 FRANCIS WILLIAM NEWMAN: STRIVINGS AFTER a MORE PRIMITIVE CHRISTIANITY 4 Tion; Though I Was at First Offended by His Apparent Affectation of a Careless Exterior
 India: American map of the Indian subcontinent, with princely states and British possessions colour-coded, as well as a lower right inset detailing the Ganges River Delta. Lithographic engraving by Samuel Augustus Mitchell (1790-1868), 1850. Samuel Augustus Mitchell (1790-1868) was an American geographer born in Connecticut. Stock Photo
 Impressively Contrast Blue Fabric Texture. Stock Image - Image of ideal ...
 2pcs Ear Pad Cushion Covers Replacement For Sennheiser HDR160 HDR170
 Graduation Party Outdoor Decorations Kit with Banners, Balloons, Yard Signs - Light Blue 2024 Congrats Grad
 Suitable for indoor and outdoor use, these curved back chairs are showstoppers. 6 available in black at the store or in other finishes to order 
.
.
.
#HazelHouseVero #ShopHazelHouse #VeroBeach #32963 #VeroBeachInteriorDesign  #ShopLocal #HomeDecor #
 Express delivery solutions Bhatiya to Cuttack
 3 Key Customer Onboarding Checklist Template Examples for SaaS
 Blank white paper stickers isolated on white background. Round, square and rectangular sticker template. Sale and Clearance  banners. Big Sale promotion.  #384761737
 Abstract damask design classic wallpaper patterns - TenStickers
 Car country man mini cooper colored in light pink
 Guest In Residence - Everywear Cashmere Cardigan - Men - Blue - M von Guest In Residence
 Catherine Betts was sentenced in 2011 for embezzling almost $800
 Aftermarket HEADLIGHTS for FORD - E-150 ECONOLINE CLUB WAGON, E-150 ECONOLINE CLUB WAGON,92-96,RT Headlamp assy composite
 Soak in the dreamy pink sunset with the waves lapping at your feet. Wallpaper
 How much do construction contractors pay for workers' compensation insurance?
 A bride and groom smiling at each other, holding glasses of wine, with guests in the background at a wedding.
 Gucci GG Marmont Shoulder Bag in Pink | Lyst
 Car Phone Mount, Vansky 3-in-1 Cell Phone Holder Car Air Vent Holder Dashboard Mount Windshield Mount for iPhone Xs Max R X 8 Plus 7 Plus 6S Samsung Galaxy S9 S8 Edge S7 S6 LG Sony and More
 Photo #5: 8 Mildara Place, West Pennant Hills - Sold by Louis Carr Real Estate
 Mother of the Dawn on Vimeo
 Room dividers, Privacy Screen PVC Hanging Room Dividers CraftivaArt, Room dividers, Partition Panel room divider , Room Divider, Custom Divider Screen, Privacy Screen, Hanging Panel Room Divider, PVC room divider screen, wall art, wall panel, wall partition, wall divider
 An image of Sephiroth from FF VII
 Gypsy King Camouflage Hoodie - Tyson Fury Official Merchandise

◇ ◇ ◇

**ACTIVITY:** The output should be exactly the lines above from the line containing "India: American map" to the line containing "Catherine Betts was", inclusive, with no other lines.

**ANSWER FOR THE TASK:**
 India: American map of the Indian subcontinent, with princely states and British possessions colour-coded, as well as a lower right inset detailing the Ganges River Delta. Lithographic engraving by Samuel Augustus Mitchell (1790-1868), 1850. Samuel Augustus Mitchell (1790-1868) was an American geographer born in Connecticut. Stock Photo
 Impressively Contrast Blue Fabric Texture. Stock Image - Image of ideal ...
 2pcs Ear Pad Cushion Covers Replacement For Sennheiser HDR160 HDR170
 Graduation Party Outdoor Decorations Kit with Banners, Balloons, Yard Signs - Light Blue 2024 Congrats Grad
 Suitable for indoor and outdoor use, these curved back chairs are showstoppers. 6 available in black at the store or in other finishes to order 
.
.
.
#HazelHouseVero #ShopHazelHouse #VeroBeach #32963 #VeroBeachInteriorDesign  #ShopLocal #HomeDecor #
 Express delivery solutions Bhatiya to Cuttack
 3 Key Customer Onboarding Checklist Template Examples for SaaS
 Blank white paper stickers isolated on white background. Round, square and rectangular sticker template. Sale and Clearance  banners. Big Sale promotion.  #384761737
 Abstract damask design classic wallpaper patterns - TenStickers
 Car country man mini cooper colored in light pink
 Guest In Residence - Everywear Cashmere Cardigan - Men - Blue - M von Guest In Residence
 Catherine Betts was sentenced in 2011 for embezzling almost $800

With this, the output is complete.